Bytes from counterparty(Positions [5,14]):
00000 F0 40 D9 F0 F3 F0 CB 56--EF 80 04 C9 10 2E C4 D4 |0 R030.....I..DM|
Program output:
UTF String: [R030ôîÕ؜IDMDHP1027W 0510]
EBCDIC String: [R030ôîÃÃÂIDMDHP1027W 0510]
NATIVE CHARSET - HEX: [52303330C3B4C3AEC395C398C29C491006444D44485031303237572030353130]
CP500 CHARSET - HEX: [D9F0F3F066BE66AF663F663F623FC9102EC4D4C4C8D7F1F0F2F7E640F0F5F1F0]
Here is some sample code:
private void readAndPrint(MQMessage mqMessage) throws IOException {
mqMessage.seek(150);
byte[] subStringBytes = new byte[32];
mqMessage.readFully(subStringBytes);
String msgId = toHexString(mqMessage.messageId).toUpperCase();
System.out.println("----------------------------------------------------------------");
System.out.println("MESSAGE_ID: " + msgId);
String hexString = toHexString(subStringBytes).toUpperCase();
String subStr = new String(subStringBytes);
System.out.println("NATIVE CHARSET - HEX: [" + hexString + "] [" + subStr + "]");
// Transform to EBCDIC
int codePageNumber = 37;
String codePage = "CP037";
AS400Text converter = new AS400Text(subStr.length(), codePageNumber);
byte[] bytesData = converter.toBytes(subStr);
String resultedEbcdicText = new String(bytesData, codePage);
String hexStringEbcdic = toHexString(bytesData).toUpperCase();
System.out.println("CP500 CHARSET - HEX: [" + hexStringEbcdic + "] [" + resultedEbcdicText + "]");
System.out.println("----------------------------------------------------------------");
}
If a MQ message has varying sub-message fields that require different encodings, then that's how you should handle those messages, i.e., as separate message pieces.
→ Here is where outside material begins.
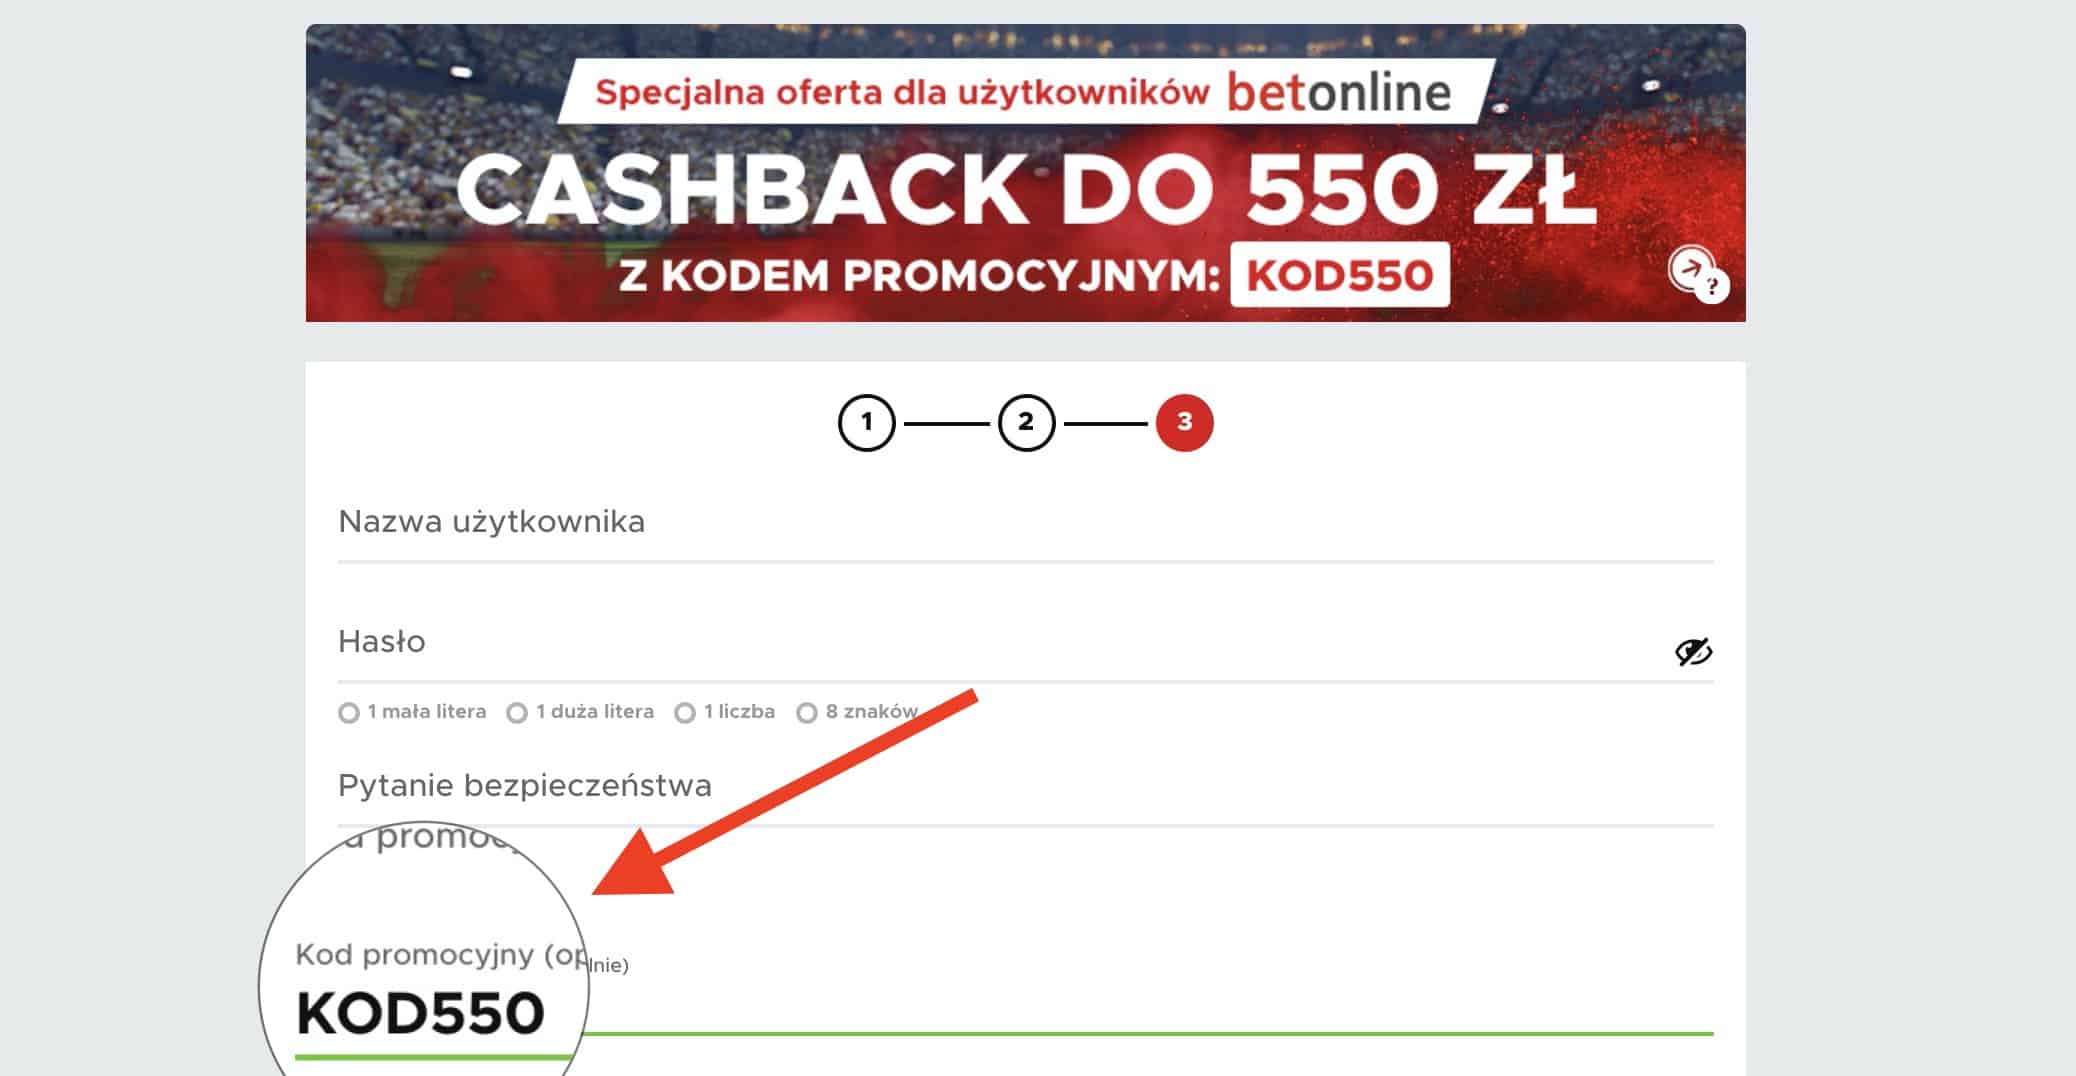 Betclic kod promocyjny. KOD550 - kasa na start to nawet 550 PLN! Jedyny taki cashback w Polsce!

But as you describe this, the entire message needs to be received without conversion. The first eight bytes need to be extracted and held separately. The remainder of the message can then have its encoding converted (unless other sub-fields also need to be extracted as binary, unconverted bytes).
For any return message, the opposite conversion must be done. The text portion of the message can be converted, and then that sub-string can have the original eight bytes prepended to it. The newly reconstructed message then can be sent back through the queue, again without automatic conversion.
Your partner on the other end is not using the messaging product correctly. (Of course, you probably shouldn't say that out loud.) There should be no part of such a message that cannot automatically survive intact across both directions. Instead of an 8-byte binary field, it should be represented as something more like a 16-byte hex representation of the 8-byte value for one example method. In hex, there'd be no conversion problem either way across the route.
It seems to me that the special 8 bytes are not actually EBCDIC character but simply 8 bytes of data. If it is in such case then I believe, as mentioned by another answer, that you should handle that 8 bytes separately without allowing it convert to UTF8 and then back to EBCDIC for further processing.
Depending on the EBCDIC variant you are using, it is quite possible that a byte in EBCDIC is not converting to a meaningful UTF-8 character, and hence, you will fail to get the original byte by converting the UTF8 character to EBCDIC you received.
A brief search on Google give me several EBCDIC tables (e.g. http://www.simotime.com/asc2ebc1.htm#AscEbcTables). You can see there are lots of values in EBCDIC that do not have character assigned. Hence, when they are converted to UTF8, you may not assume each of them will convert to a distinct character in Unicode. Therefore your proposed way of processing is going to be very dangerous and error-prone.